Il percorso lambisce la pista di atterraggio, con vetture della polizia che scortano i bus fino all’uscita dallo scalo. Non c’è infatti possibilità di mischiarsi con i viaggiatori normali, né tanto meno di seguire altri percorsi per raggiungere le proprie destinazioni. Tutti sugli autobus dell’organizzazione, che stavolta rispetto a Tokyo 2020 sono marchiati con il logo di Beijing 2022. Lo stesso logo che campeggia più volte lungo gli ampi vialoni cittadini. Occorre arrivare nei pressi del parco olimpico per vedere – ovviamente dal finestrino dell’autobus e non faccia a faccia – un po’ di gente vestita normalmente. In tanti approfittano della bella giornata di sole, seppur gelida con la colonnina di mercurio a cinque gradi sotto lo zero, per scattare qualche selfie con la gigantografia delle mascotte sullo sfondo. Qualcuno abbozza anche un saluto agli stranieri, i quali ricambiano standosene a distanza. L’elemento che qualifica la bolla ermetica è la recinzione che corre lungo il perimetro degli hotel.
Atmosfera molto cupa nella capitale cinese dove oggi alle 13 si alza il sipario olimpico con la cerimonia di apertura. Molte ombre e poche luci intorno a questo gigantismo
Non c’è alcun accesso pedonale: si entra e si esce solo a bordo delle vetture ufficiali. Alla reception l’invito è di recarsi subito in camera e rimanere chiusi fino alla telefonata dell’addetto alla sicurezza. Lo squillo arriva puntuale nel primo pomeriggio: chi riceve la notizia che il suo test molecolare all’aeroporto sia negativo può recarsi sul proprio luogo di lavoro, per i positivi scatta invece il trasloco negli alberghi deputati all’isolamento. Il centro stampa è il più mastodontico che un’Olimpiade invernale ricordi. Spazi immensi perché i cinesi nell’organizzare questi Giochi - per alcuni versi assurdi e incongruenti - non hanno badato al senso delle proporzioni. In città sono stati convertiti agli sport del ghiaccio impianti già usati nei Giochi estivi del 2008: in tema di record oggi Pechino diventerà la prima città nella storia ad ospitare entrambe le tipologie di evento a cinque cerchi. Così il Cubo d’acqua è diventata una pista da curling, l’arena del volley si è trasformata nella casa di pattinaggio artistico e short track e quelle di basket e ginnastica ospitano ora gli hockeisti. Laddove sorgevano gli impianti temporanei di hockey su prato e tiro con l’arco è sorto invece l’unico impianto ad hoc per questa rassegna: l’anello coperto per il pattinaggio velocità.
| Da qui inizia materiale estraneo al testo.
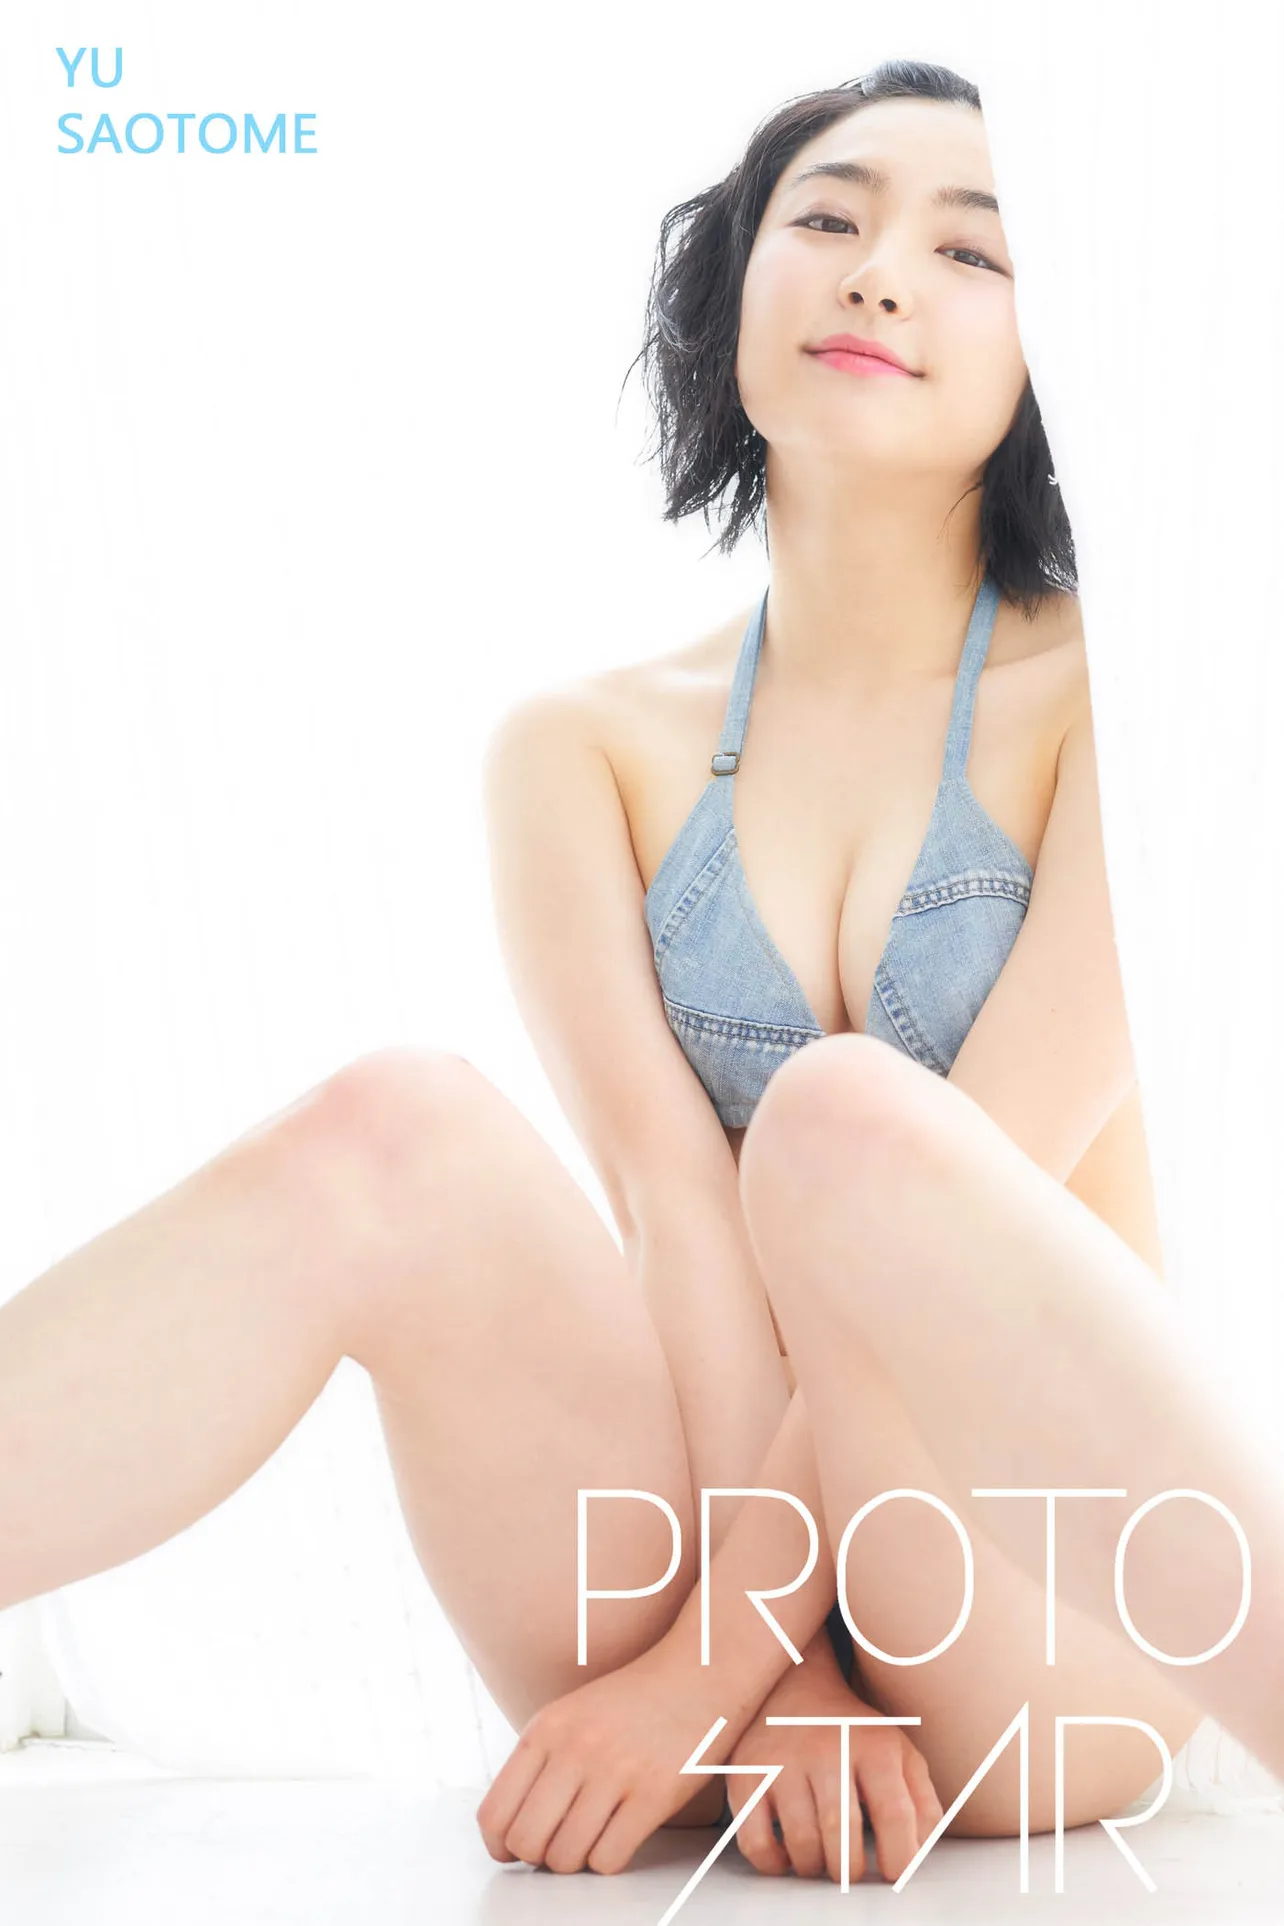 デジタル写真集「PROTO STAR 早乙女ゆう vol.3」は11月から順次各主要サイトで配信
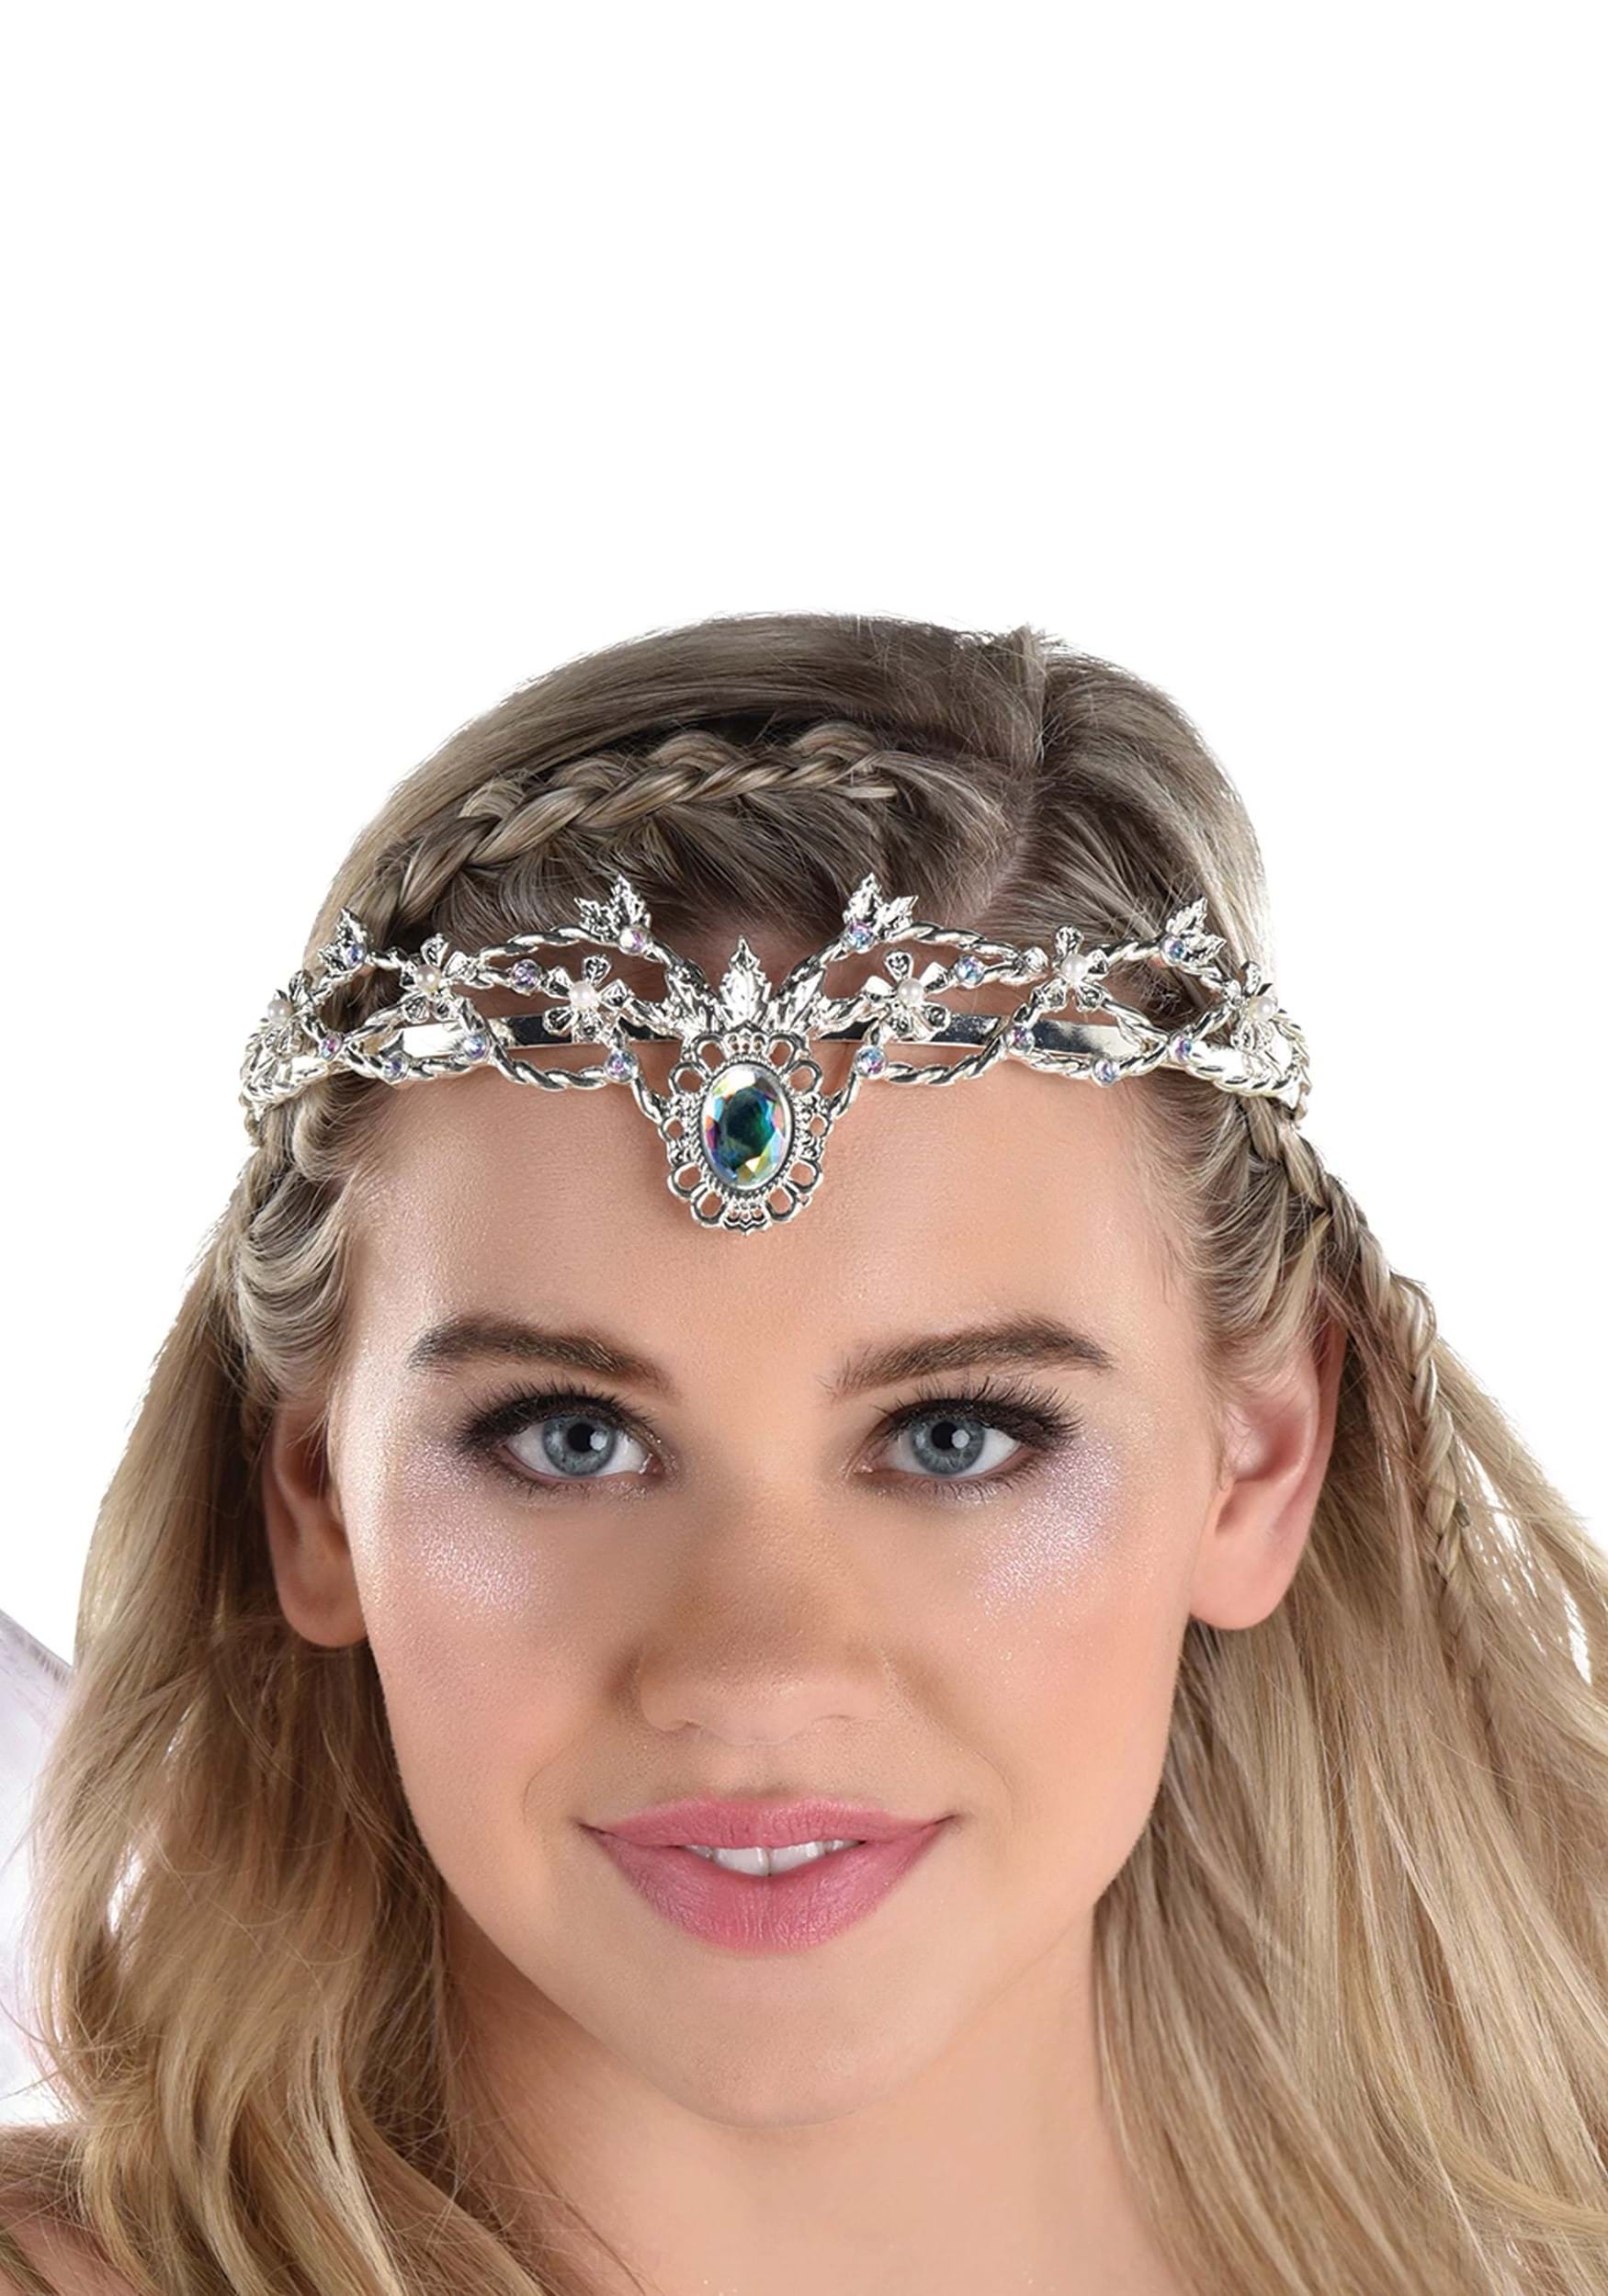 Women's Fairy Crown

Alle 13 italiane di oggi la cerimonia d’apertura andrà in scena nel Nido d’Uccello reso celebre dalle imprese di Usain Bolt. La squadra italiana, capitanata dalla portabandiera Michela Moioli, sfilerà per penultima, seguita solo dai padroni di casa, poiché tra quattro anni il nostro Paese avrà l’onore e l’onore di organizzare l’evento tra Milano, Cortina e tante altre località alpine. In tribuna ci saranno solo gli addetti ai lavori, pochi invitati e i rappresentanti politici e diplomatici. Tra questi spiccherà il presidente russo Vladimir Putin, che però non potrà applaudire il suo vessillo giacché per le note vicende legate al doping di Stato il nome Russia è bandito dal contesto a cinque cerchi, così come l’inno e la bandiera: gli atleti gareggeranno come indipendenti sotto la sigla “atleti olimpici russi”.
È questo uno dei tanti paradossi di questi Giochi, sui quali il presidente cinese Xi Jinping aveva investito tanto, con l’obiettivo, tra gli altri, di far appassionare la sua gente allo sci e di conseguenza aprire nuovi mercati per i produttori di articoli legati alla neve. Tra Yanqing, 70 chilometri dalla capitale, e Zhangjiakou, a 200 chilometri, andranno in scena il resto delle specialità: sci alpino e discipline del budello nella prima, sci nordico, biathlon, freestyle e snowboard nella seconda. Per gli spostamenti è stato pensato un treno veloce, che comunque non porta direttamente sui campi, non necessità di utilizzare altre navette e anche una funivia. Tutto rigorosamente dentro la bolla, dalla quale non si potrà mai uscire, neanche trascorsi i canonici 14 giorni, come invece era stato a Tokyo. Dall’estate all’inverno le regole sono diventare più stringenti.